神保町系オタオタ日記

自称「人間グーグル」

山口八九子が描いた年賀状ーー浅草の医師本多冬城から名古屋の尾崎仁三郎宛年賀状ーー


 日本絵葉書会創立20周年記念出版事業として、1月に『絵はがきのサイン』が刊行された。旧い絵葉書に使われた192名の画家のサイン(印章)を分類したものである。氏名の五十音順による一覧だけではなく、サインの形状・文字の種類(四角、三角、丸、カタカナ、漢字、ひらがな、ローマ字、その他)による目次もある。そのため、誰のサインか分からない美術絵葉書を抱えたコレクターにとって便利なツールとなっている。
 つらつら見ていたら、京都出身の日本画家山口八九子(やまぐち・はちくし)の絵葉書が載っていて、見覚えがあった。写真を挙げた絵葉書である。平成29年10月四天王寺の古本まつりで、シルヴァン書房の寸葉さんから800円で入手。本多冬城から尾崎仁三郎宛の年賀状で、消印は浅草、8.1.1となっている。昭和8年の年賀状と思われる。八九子は、この年の10月に亡くなっている。
 本多は、金児農夫雄編『新版現代俳家人名辞書』(素人社書屋、昭和7年5月)によれば、本名東四郎で住所は東京市浅草区亀岡町。医師で、かつて『星座』を主宰した。更に、『日本医籍録昭和9年版』(医事時論社、昭和9年2月)によれば、明治18年7月18日生、43年千葉医専卒とある。 
 受取人である尾崎の方に住所は書かれていないが、『昭和人名辞典第2巻』に載る名古屋市西区下長者町に住む同名の人物と思われる。明治29年9月生まれのメリヤス商で、趣味は俳句であった。同時期に寸葉さんから買った尾崎宛昭和8年の年賀状の差出人鈴木登三*1の住所も名古屋市西区なので、同定の傍証になるだろう。
 本多と尾崎には、俳句という共通の趣味がある。実は八九子も若い頃から俳句をたしなんでいた。「秦テルヲが裏表紙画を描いた中川四明の句誌『懸葵』大正4年7月号ーー玉城文庫の均一台からーー - 神保町系オタオタ日記」で言及した京都で中川四明が主宰した句誌『懸葵』の故四明翁追悼号である14巻5号(懸葵発行所、大正6年7月)掲載の八九子「四明先生と其俳画」から引用しよう。

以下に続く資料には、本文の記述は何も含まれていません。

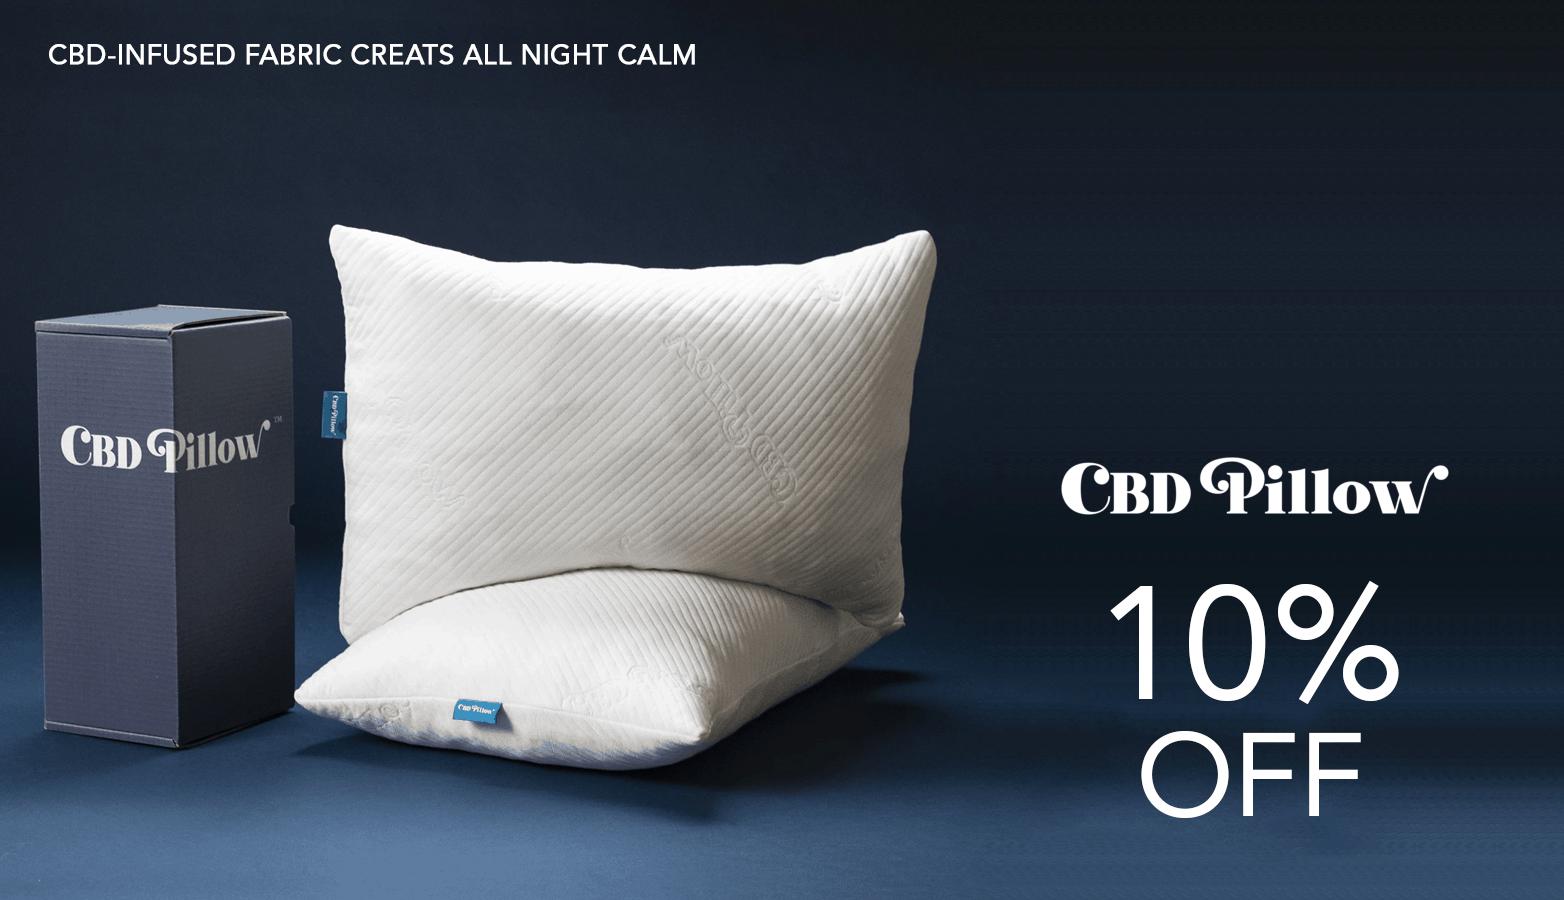 CBD Pillow Coupon Code 10 Percent Off Website

(略)父の師であり又私が恩師として重ねて自分の趣味の開眼先輩者としてとくに親しみ深い先生せであつた。
 私が初めて先生に審美学を教つたのは未だ美術学校が御苑内の東南の一角にあつた頃であつた、(略)その講義の中にはきつと俳句が交つて居た、ある時には俳句を作ることもすゝめられた、自分等が俳句に興味を持つ様になつたのもこの時分からであつた(略)絵画専門学校が創立されると共に觸脊美術を講ぜらるゝことゝなつた、当時課外に文芸会か[ママ]よく催された[、]それには四明先生の俳話が主であつた[、]栖鳳春挙先生はじめ各先生方も吾等とも共に聴究されたことであつた、
 このころ校内には俳句熱が充満された、華岳、麦仙[ママ]、竹橋[ママ]、紫峰君等も当時句を作つたものだつた(略)

 『山口八九子作品集』(山口八九子作品集刊行会、平成20年10月)の年譜によれば、八九子は明治42年3月京都市立美術工芸学校卒、45年3月京都市立絵画専門学校本科卒である。また、同書の丹尾安典「八九子のことーー茂るまゝに生るゝまゝに虫の声ーー」によれば、在学中の43年6月『懸葵』に最初の挿絵「夏草」を掲載している。本多が俳句繋がりで八九子に年賀状用の原画を頼んだのかどうかは、不明である。
 ちなみに、本多は『昭和前期蒐書家リスト:趣味人・在野研究者・学者4500人』(トム・リバーフィールド、令和元年11月)に立項されていて、『特選蒐書家名簿』(古典社、昭和10年)掲載の1,000人の1人に選ばれていたことが分かる。また、「ざっさくプラス」によると、大正9年から11年にかけて本山桂川の『土の鈴』に「上野のお地蔵さん」などを寄稿した同名の執筆者がいたことが分かる。

*1:ネットで読める版画堂の「近代日本版画家名覧(1900-1945)」に立項されていて、武井武雄の「榛の会」の会員であった。